Iomab-B Shows Promise as Novel Conditioning for HSCT in AML

Article

More than 90% of older patients with relapsed/refractory acute myeloid leukemia had successful engraftment of allogeneic hematopoietic stem cell transplant preceded by novel conditioning with an iodinated CD45-targeted antibody.

Dr Sergio A. Giralt

Sergio A. Giralt, MD, chief of the Adult Bone Marrow Transplant Service and the Melvin Berlin Family Chair in Multiple Myeloma at Memorial Sloan Kettering Cancer Center

Sergio A. Giralt, MD

More than 90% of older patients with relapsed/refractory acute myeloid leukemia (AML) had successful engraftment of allogeneic hematopoietic stem cell transplant (HSCT) preceded by novel conditioning with an iodinated CD45-targeted antibody, according to preliminary results from the ongoing, randomized, phase III SIERRA trial that were presented at the 2019 Transplantation and Cellular Therapy Meetings.

All but 1 of the first 19 patients randomized to iodine-131 apamistamab (Iomab-B) had a complete response (CR) and successful engraftment. The 1 patient who did not have successful engraftment did not receive a therapeutic dose of Iomab-B. Additionally, 9 out of 10 patients who crossed over from conventional treatment had successful engraftment.

Clinical and engraftment characteristics did not differ substantially between patients randomized to Iomab-B and those who crossed over.

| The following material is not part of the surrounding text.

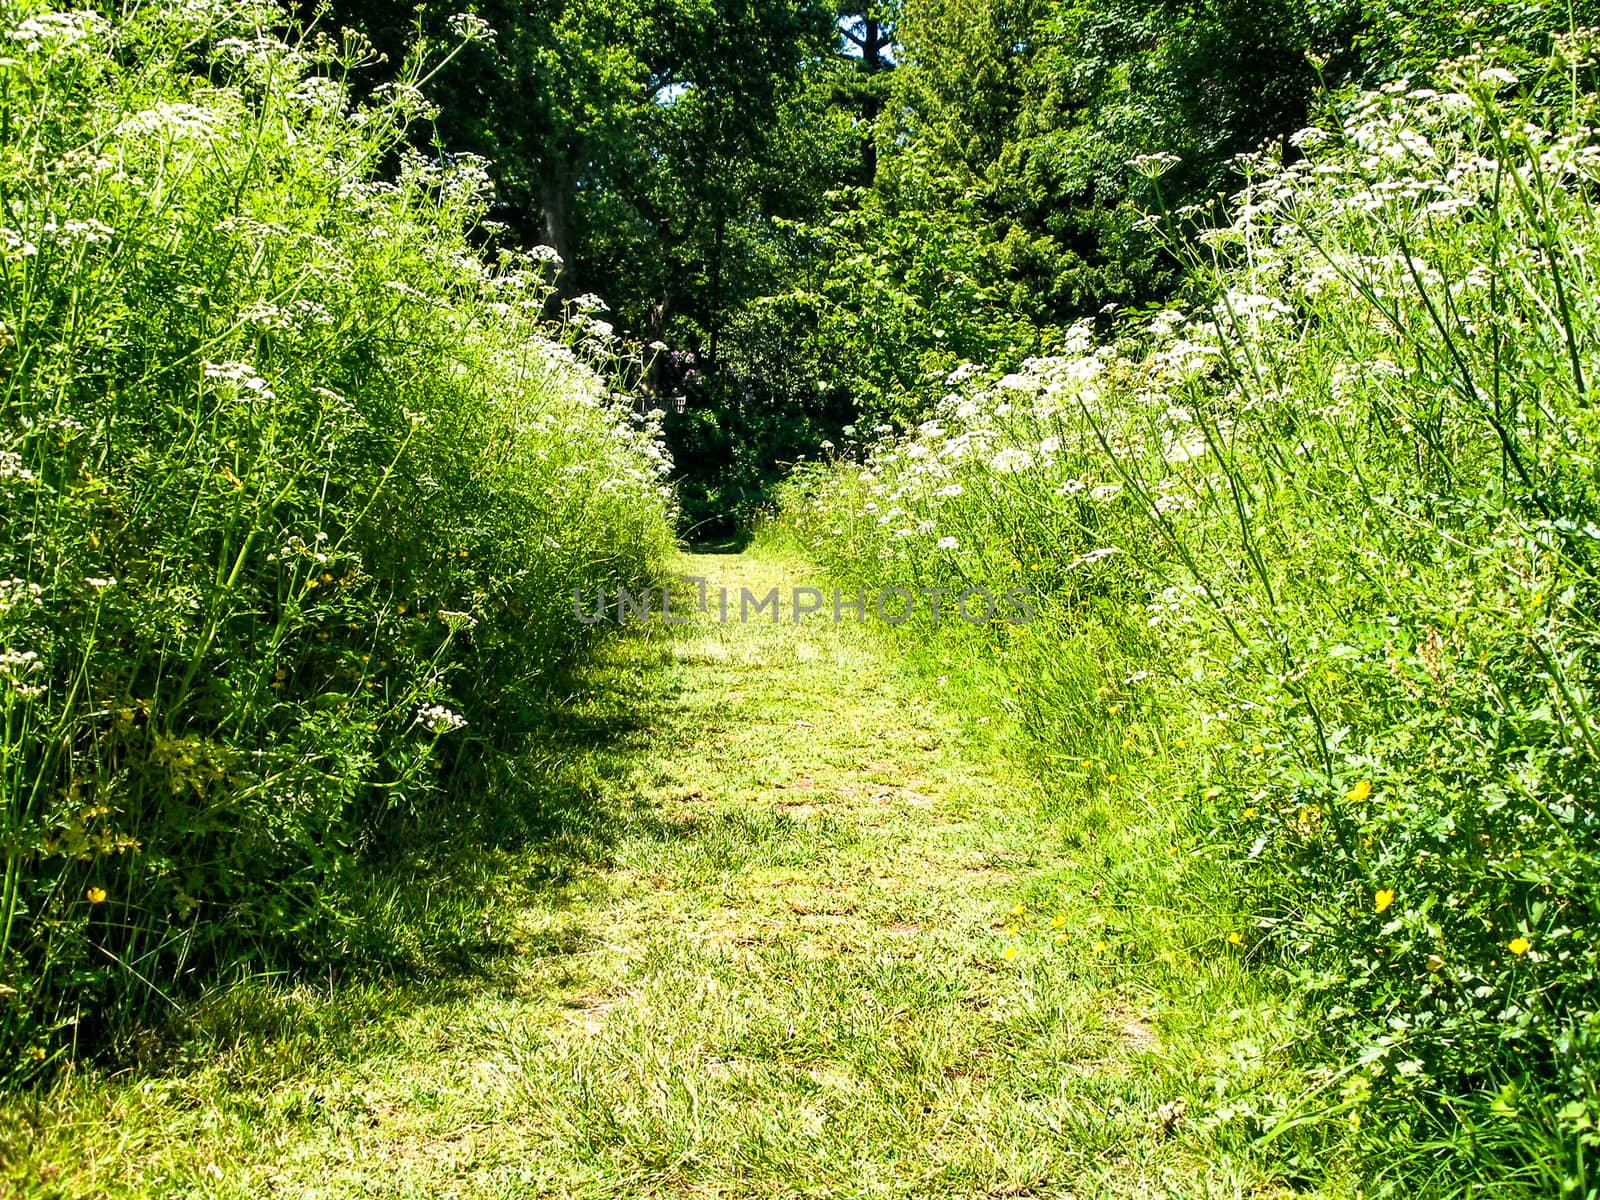 A grass path through tall plants / weeds

“This is the only ongoing randomized phase III clinical trial that offers a transplant option to patients 55 or older with active, relapsed, or refractory AML,” said co-study author Sergio A. Giralt, MD, professor of medicine at Weill Cornell Medical College, the Melvin Berlin Family Chair in Multiple Myeloma, and chief attending of adult bone marrow transplant service at Memorial Sloan Kettering Cancer Center, in a presentation of the findings.

“This is a historically underserved patient population that has a dismal survival prognosis. We have limited options for patients with active disease,” he added. “These are encouraging results that suggest we have the potential to broaden transplant eligibility and improve outcomes.”

CD45 is expressed by a variety of hematopoietic cells, including leukemia, lymphoma, and all immune cells. An accumulation of evidence showed that delivery of high doses of Iomab-B depletes hematopoietic stem cells. Additionally, targeted radiation to leukemia cells elicits a direct antitumor effect.

Phase II clinical evaluation of Iomab-B in patients with active, refractory, and relapsed AML produced compelling evidence of activity. Combined phase I/II data from 271 patients, across 9 clinical trials, offered robust safety and efficacy outcomes in multiple populations, said Giralt.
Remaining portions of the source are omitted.